Antimicrobial efficacy against E. coli and S. aureus was 96.1 % and 99.1 %, respectively, when subjected to near-infrared radiation. The MAP nanofiber membrane significantly accelerated wound healing in infected mice when subjected to laser radiation, according to experimental trials performed on live beings. Using MXene’s photothermal conversion capacity, Sun et al. increased adenosine discharge under near-infrared irradiation, thereby maintaining the activation signal at the injury site, in a different study. Wound healing and new blood vessel production were facilitated by its use in a therapeutic animal model. The composite system (MXene-TK-DOX@PDA nanoparticles) created by Zhang et al. is pH and ROS-sensitive. ^{174 , 175} Covalent bonding is used in this technology to bind medications to nanocarriers based on MXene. This method enhances the quantity of medicine that can be loaded, decreases the likelihood of unpleasant side effects, and delays the drug’s release. Photothermal conversion efficiency is further improved by coating MXene-based nanoplatforms with pH-responsive polydopamine. Five hours later, the in vitro antimicrobial tests showed that both E. coli and B. subtilis had been ultimately killed.

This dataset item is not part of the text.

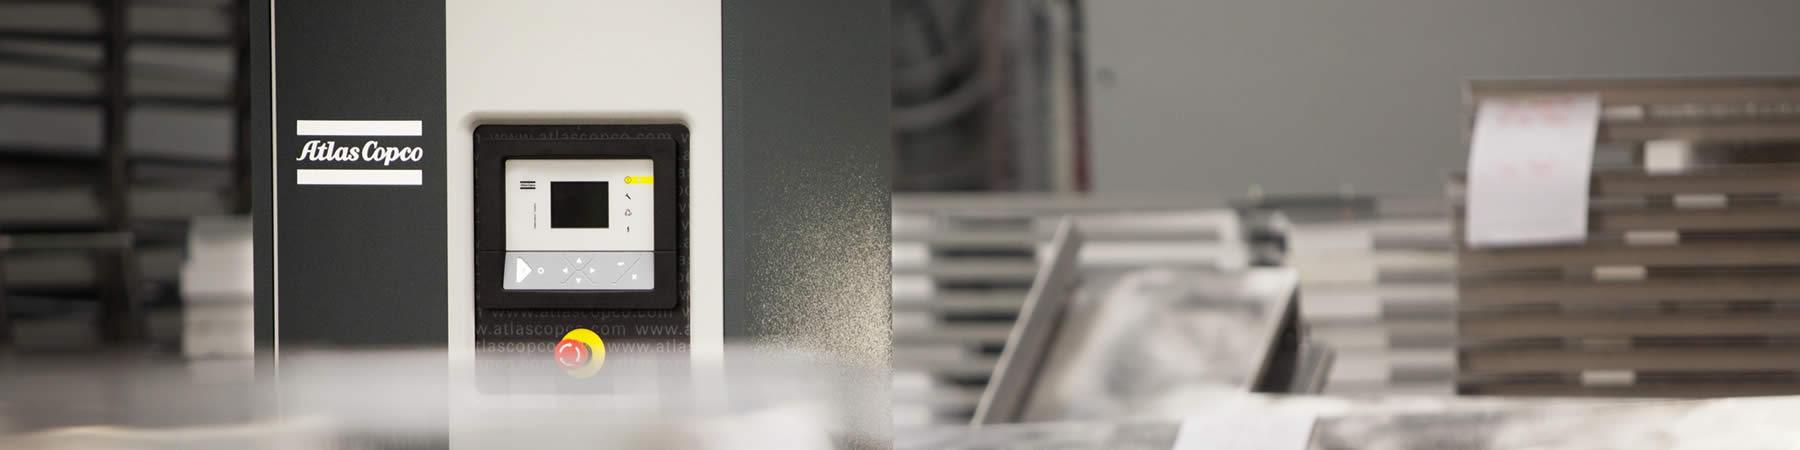 Vendita Compressori Trento - Assistenza Compressori Atlas Copco Trento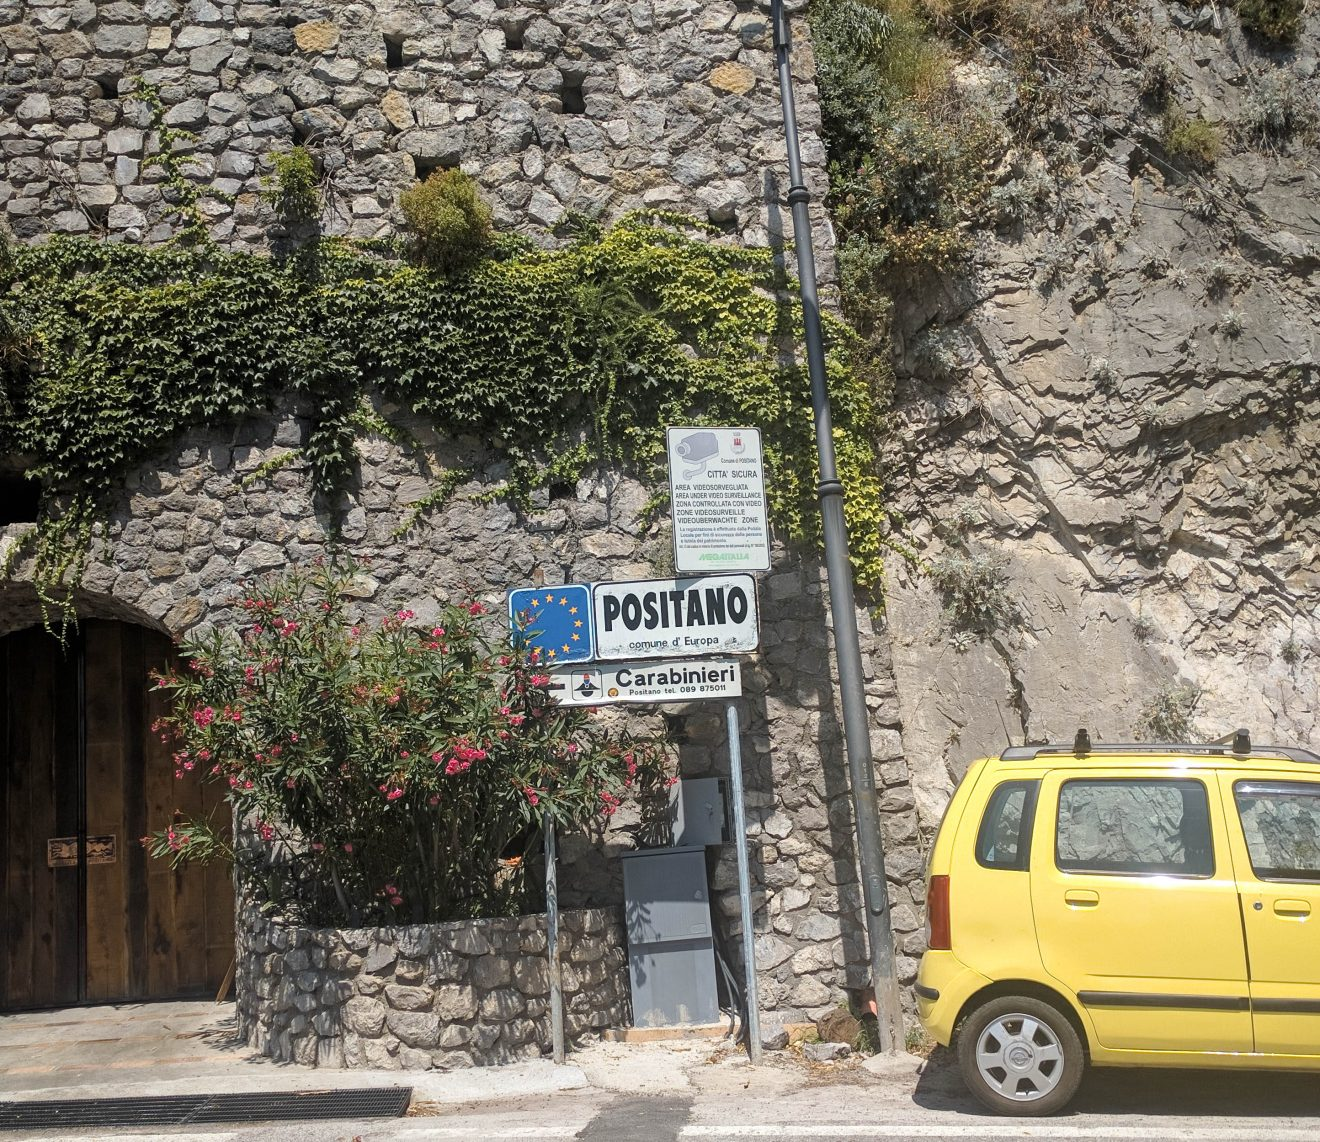 Panneau de signalisation de la ville de Positano

This work presents a novel MXene-doped composite microneedle patch exhibiting superior mechanical strength, photothermal antibacterial capabilities, and reactive oxygen species elimination qualities for treating infected wounds. Upon insertion of the MN tips with MXene nanosheets into the skin’s cuticle, they rapidly disintegrate, releasing the nanomaterials into the subcutaneous infection site. This research created a full-thickness cutaneous wound model infected with MRSA and followed the method in Figure 13a to assess the MN patches’ wound healing effects. In vitro experiments showed 2MHMN had the best cell migration. In addition, the 2MHMN NIR(+) group showed a moderate surface temperature under NIR light (Figure 13b), which did not harm the surrounding skin tissue. The 2MHMN was used for in vivo investigations. Animal trials were placed into four groups: control, HAMN, 2MHMN, and 2MHMN NIR(+). Photographs of rats’ infected wounds on days 0, 1, 3, 5, 7, 9, and 12 (Figure 13c) showed wound area variations in each group. 2MHMN and 2MHMN NIR(+) groups exhibited lower wound areas at the same time as other groups, suggesting improved wound healing (Figure 13d). In 3 days, the 2MHMN NIR(+) group healed 50 % of the wound, followed by the 2MHMN group, whereas the HAMN and control groups took over 5 days. Each group’s wound area was compared (Figure 13e). ¹⁷⁶

Figure 13:

Examination of in vivo wound healing infected with MRSA. (a) A detailed plan of the experiments conducted on animals is needed. (b) The 2MHMN NIR(+) group’s wounds were imaged using real-time infrared thermal imaging at 0, 0.5, 1, 3, and 5 min after NIR laser irradiation. (c) On days 0, 1, 3, 5, 7, 9, and 12, there are representative images and (d) depictions of the wound contours in various groups. Image scale: 1 cm. for each group on days 1, 3, 5, 7, 9, and 12; (e) average wound area analysis.

The MXene-doped MNs have exhibited remarkable wound-healing capabilities in an MRSA-infected wound model, attributable to their synergistic antibacterial and antioxidant properties, including enhanced re-epithelialization, collagen deposition, angiogenesis, and suppression of pro-inflammatory factor expression. Consequently, the multifunctional MXene-doped MN patches provide an exceptional option for treating wounds afflicted by drug-resistant bacteria in clinical settings. Table 2 shows comaprsion of MXene based materials for antimicrobial activity.